The main problem, of course, is that it doesn't really drive ratings or generate page views to say, "You know, I'm going to wait and see how this all turns out, because there remains a decent chance that this really is what's best for LeGarrette Blount." But it would be the most prudent stance to take. Only Kelly, Blount, his parents, athletic director Mike Bellotti and the select counselors they have consulted know what's best for Blount, and if that's what's driving this decision -- which I believe it is -- then I think what they're doing is fantastic.
In fact, the developments of today make me retroactively admire the way Kelly has handled this thing from the beginning. Many have wondered why Kelly didn't just make the suspension indefinite to begin with. Do you honestly think Blount would have the best possible shot at a life change in that scenario? Remember, this is a guy who was no stranger to problems at Oregon before this happened. Look at all the things Blount has done since then, the advice he's sought, the soul-searching he's presumably done. Does that happen if Kelly simply tells him to keep his nose clean and he'll be back? Or does it happen when someone thinks he's lost everything?
There's no way to get inside Kelly's head to know what he was thinking, but as someone who has led teams of exceptional young people, I've had to throw people off my team. I've had to strip them of responsibilities. And at times, I've done it without equivocation in my discussions with them, only to know in the back of my mind that I'm searching for a certain kind of behavior change, and that if I see that behavior change, I won't just welcome them back with open arms -- I will celebrate their return.

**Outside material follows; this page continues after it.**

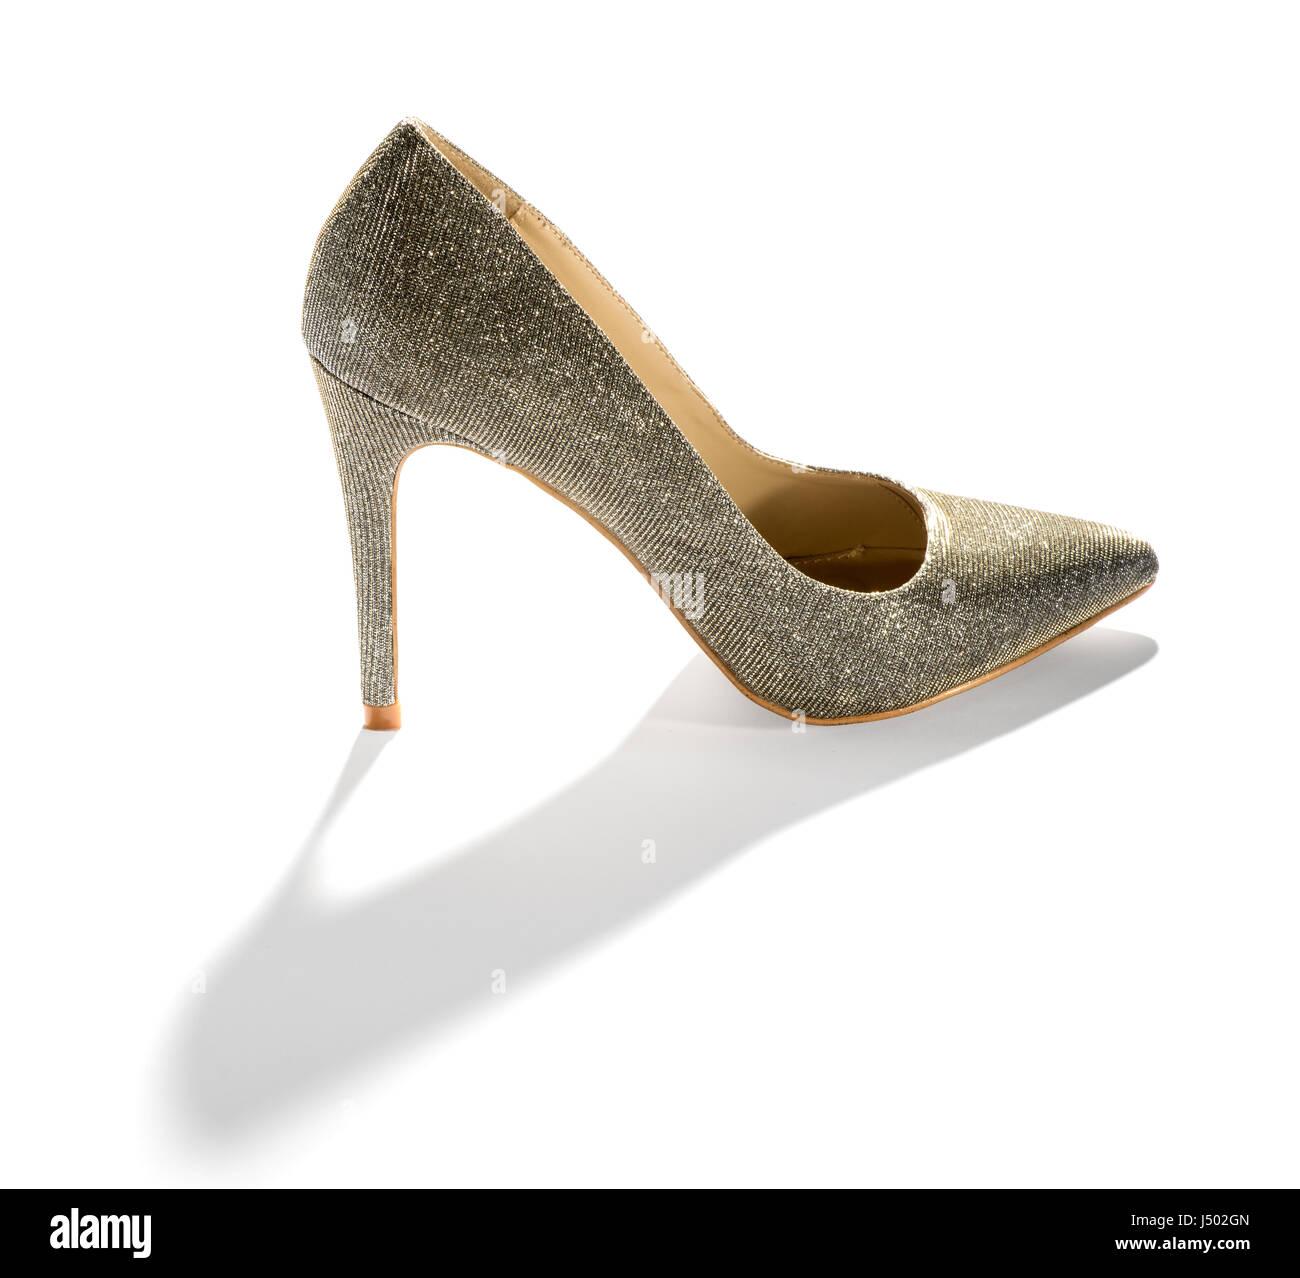 Señoras clásico corte stiletto zapatos con un tacón muy alto de pie sobre  una larga sombra de colada blanca c4cb9345ba3c

Why? Because helping a person hit rock bottom helps them see what they're made of (or not made of), the results of which are readily available for all to see. I suspect that Chip Kelly has now discovered what Blount is made of -- as has Blount. And when a person recovers positively from that kind of devastation, you can't help but be excited for them, come alongside them, and party with them.
This seeming reverse of field doesn't ruin Kelly's credibility in my eyes; it enhances it to a degree you can't possibly imagine.
Those sitting in judgment of Kelly and Blount at this moment would do well to remember that at the end of the day, we're dealing with a person -- one who will go on to lead a life after he's long since forgotten about in the college football world. What kind of a life will it be? One that's productive and contributes to the betterment of our world? As a leader of young people, Kelly has a responsibility to all of us to help that person prepare to lead that productive life.
Is giving Blount another chance to play football the best thing for helping him become the responsible adult we all want him to be? I don't know the answer, and neither does Kelly or anyone else. All Kelly can do is make the best decision right now. But if we're to look at how Blount has handled himself and believe the reported growth he's experienced since that awful night a month ago, it sure seems like Kelly's decisions have had as good of an outcome in Blount's life as anyone could have hoped for.
How, then, can anyone come to any conclusion other than Kelly is making the best possible decision for LeGarrette Blount the human with all the information he has at his disposal at this particular time?
It doesn't make you soft or weak to choose to believe that maybe -- just maybe -- Chip Kelly knows what he's doing, and that the downfall of college athletics isn't right around the corner because of it.